Input for this task START

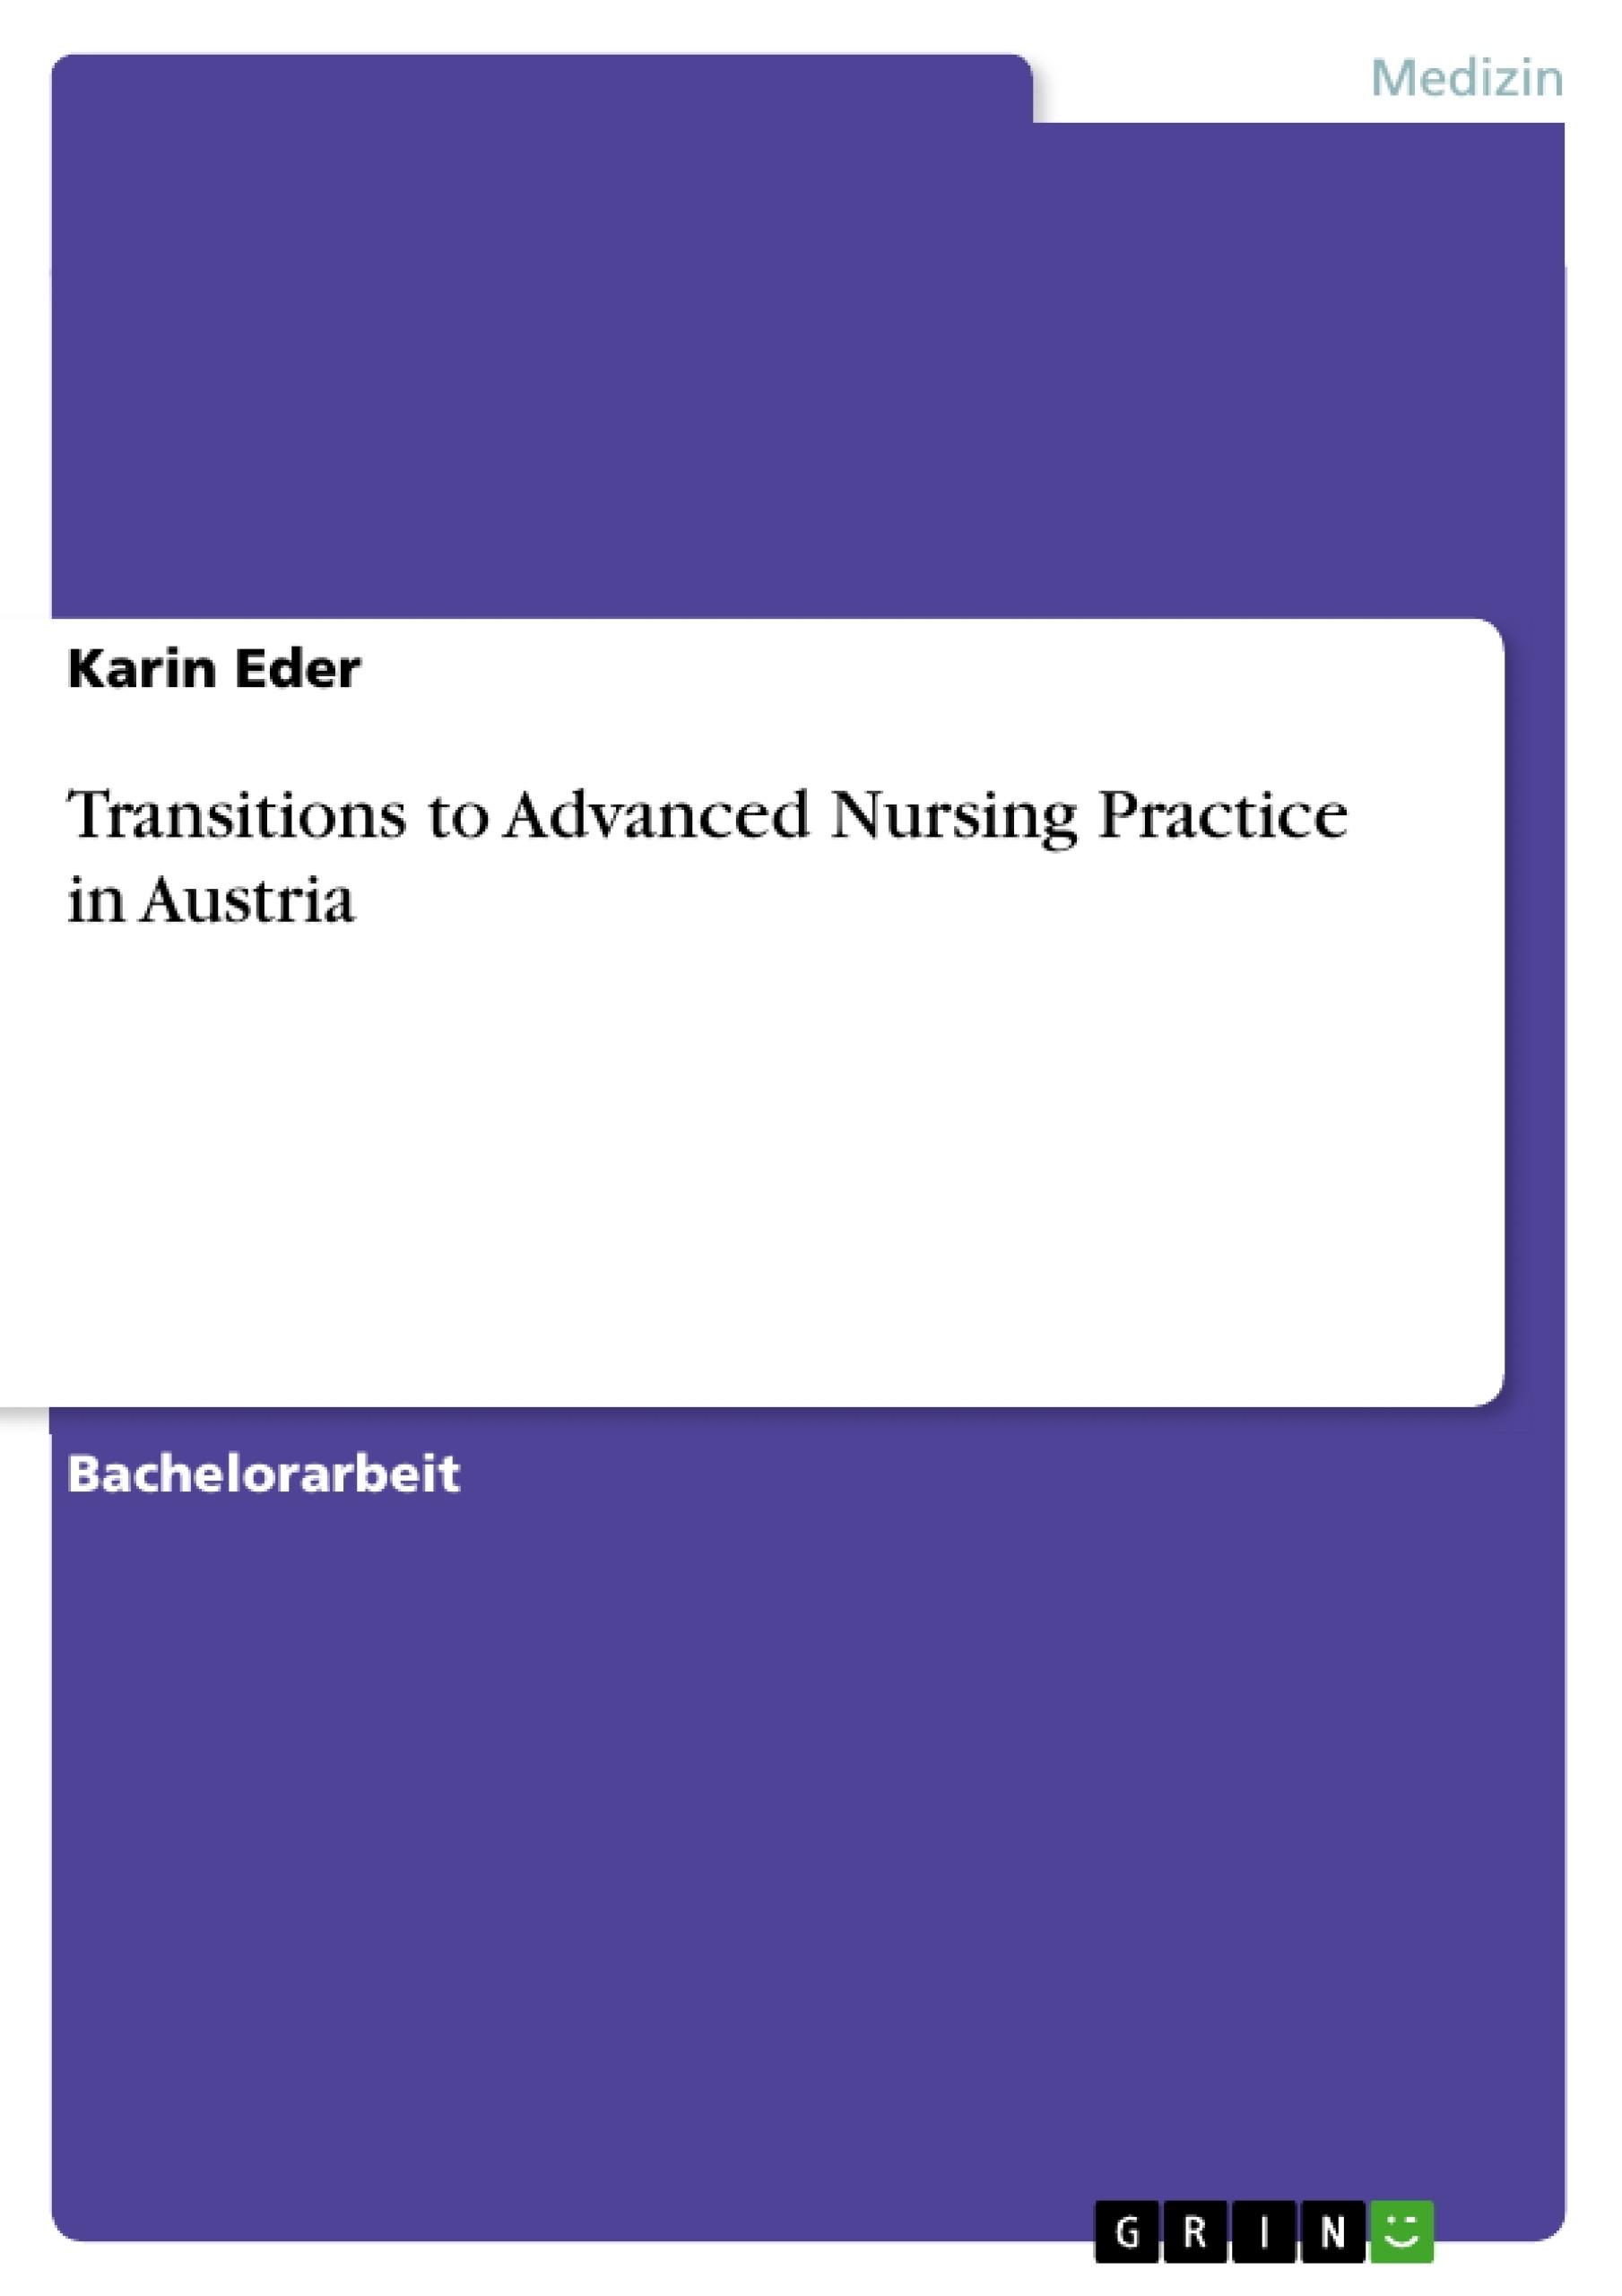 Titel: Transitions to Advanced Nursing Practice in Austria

Input for this task END
Input for this task START

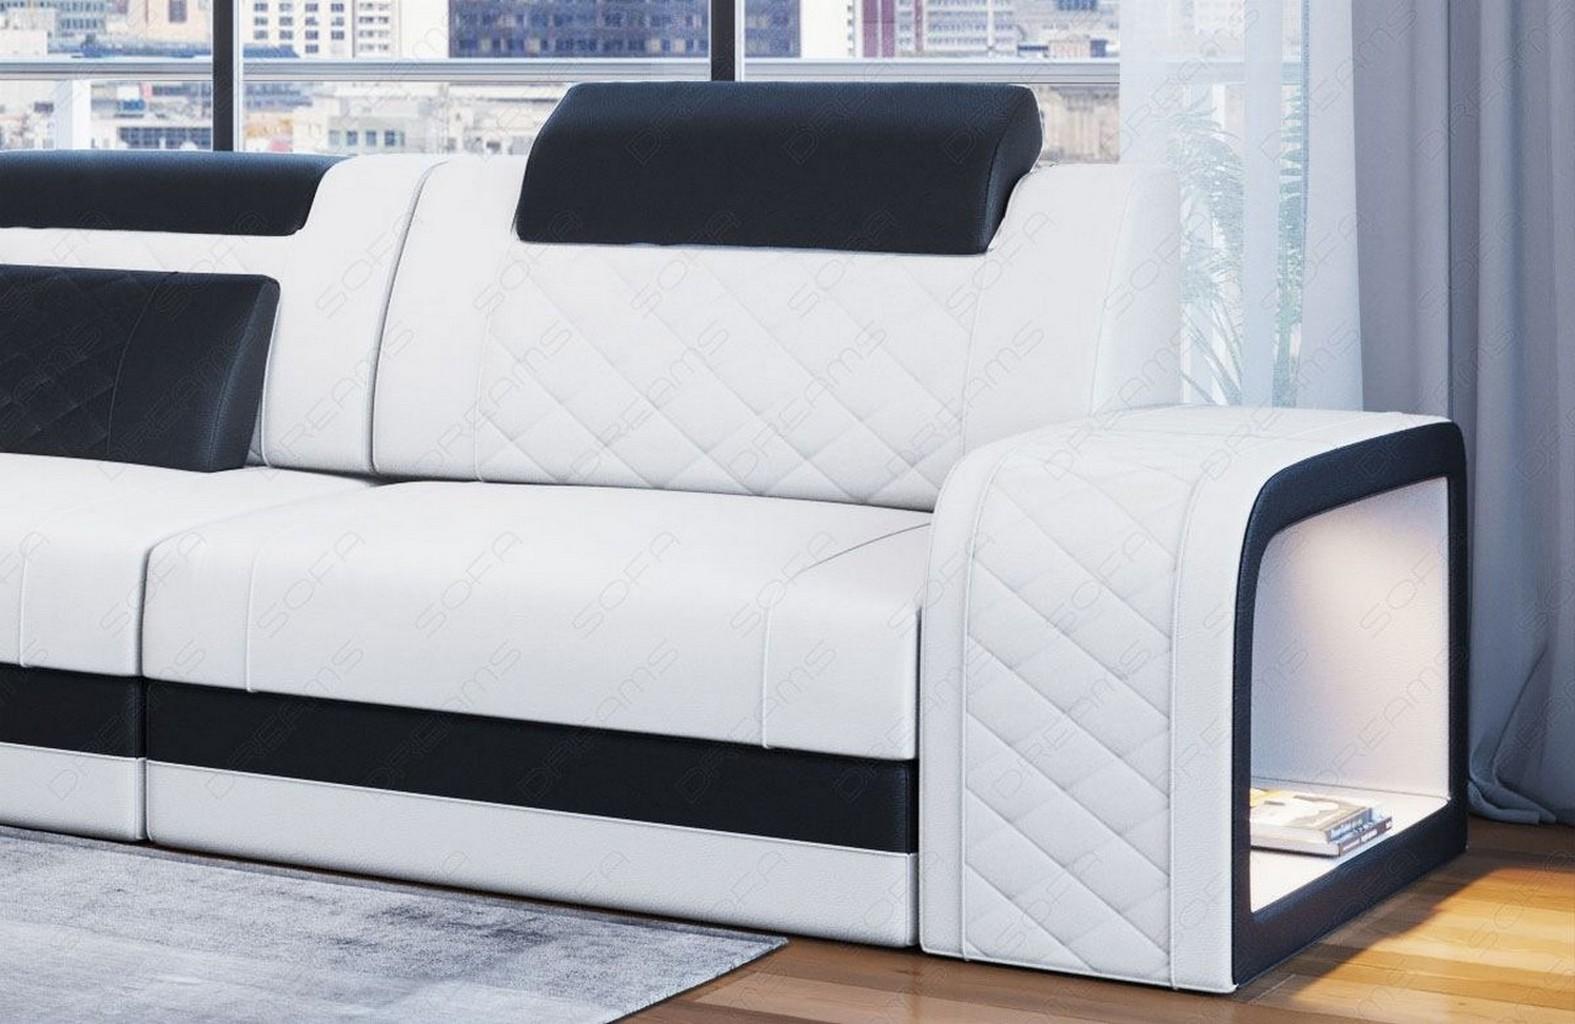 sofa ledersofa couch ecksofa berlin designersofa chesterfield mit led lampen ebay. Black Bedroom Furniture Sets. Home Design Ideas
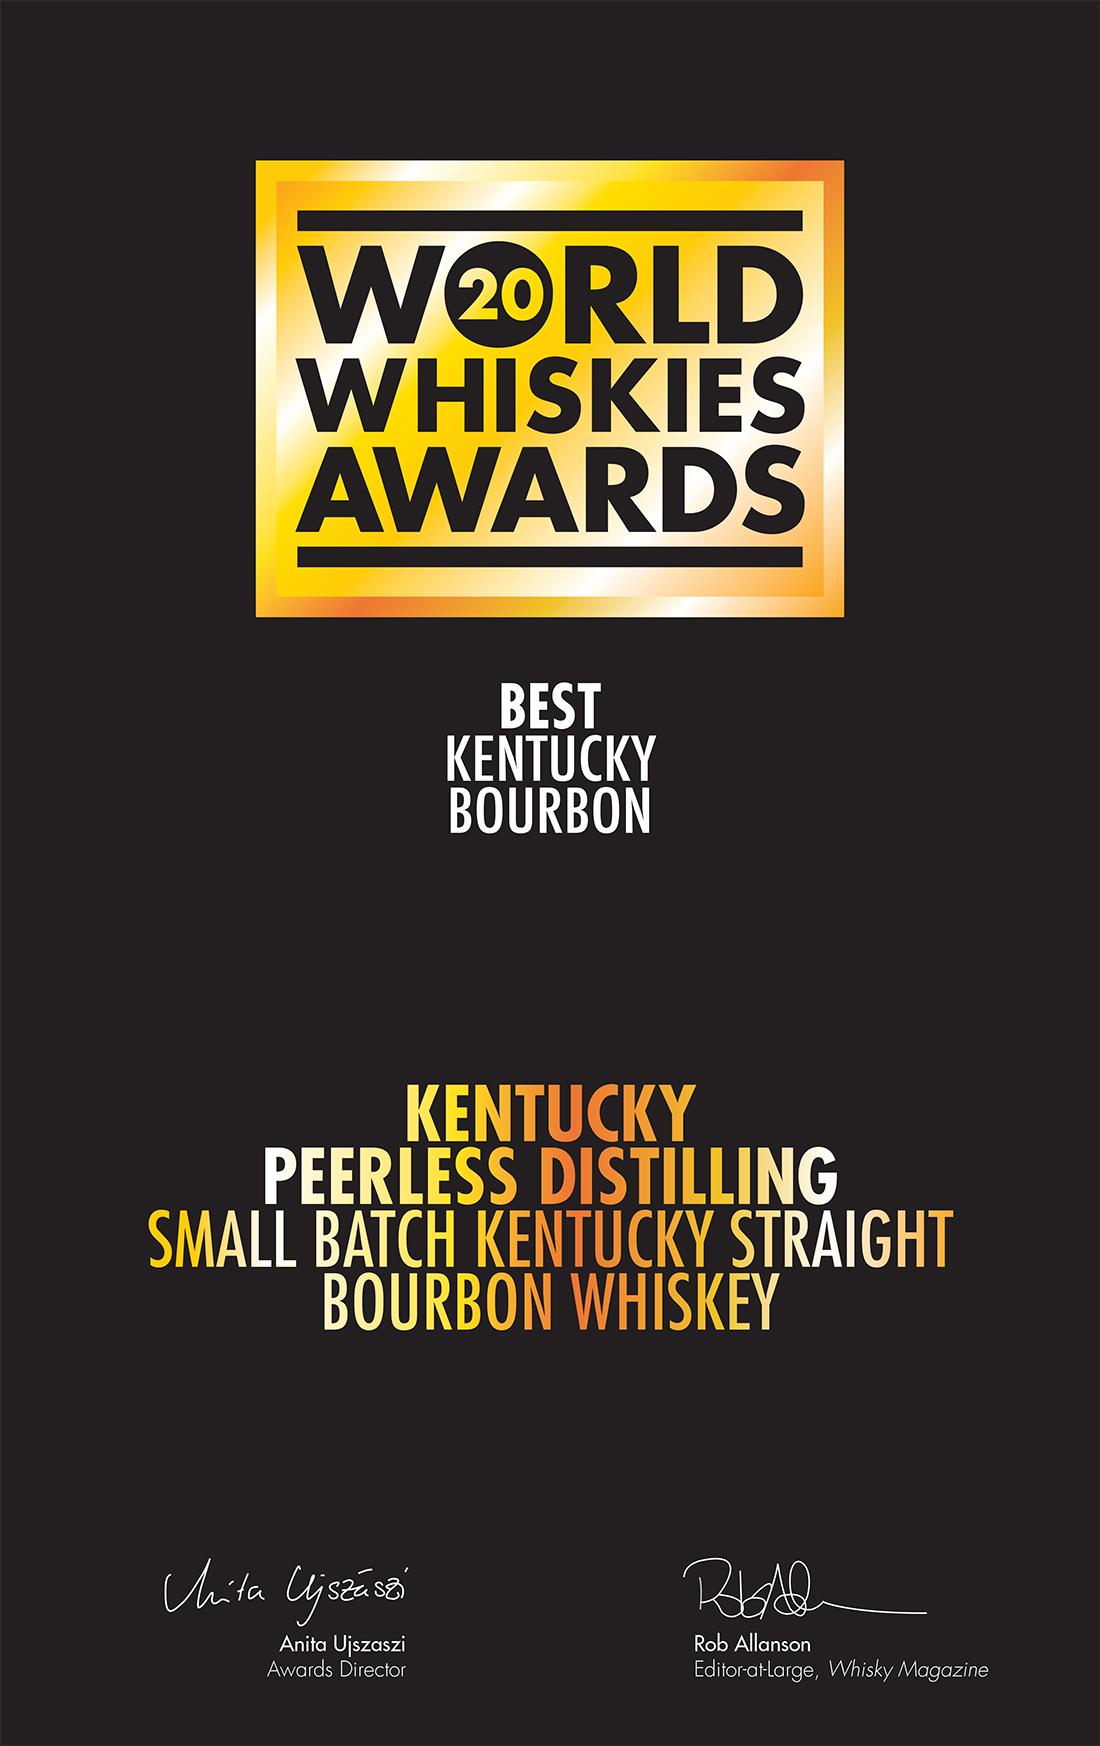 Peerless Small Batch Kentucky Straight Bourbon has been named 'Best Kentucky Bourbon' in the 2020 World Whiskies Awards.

Input for this task END

Within the data above, repeat exactly the lines from the one bearing "sofa ledersofa couch" through the one bearing "Peerless Small Batch". Include no pictures and nothing else.

 sofa ledersofa couch ecksofa berlin designersofa chesterfield mit led lampen ebay. Black Bedroom Furniture Sets. Home Design Ideas
 Peerless Small Batch Kentucky Straight Bourbon has been named 'Best Kentucky Bourbon' in the 2020 World Whiskies Awards.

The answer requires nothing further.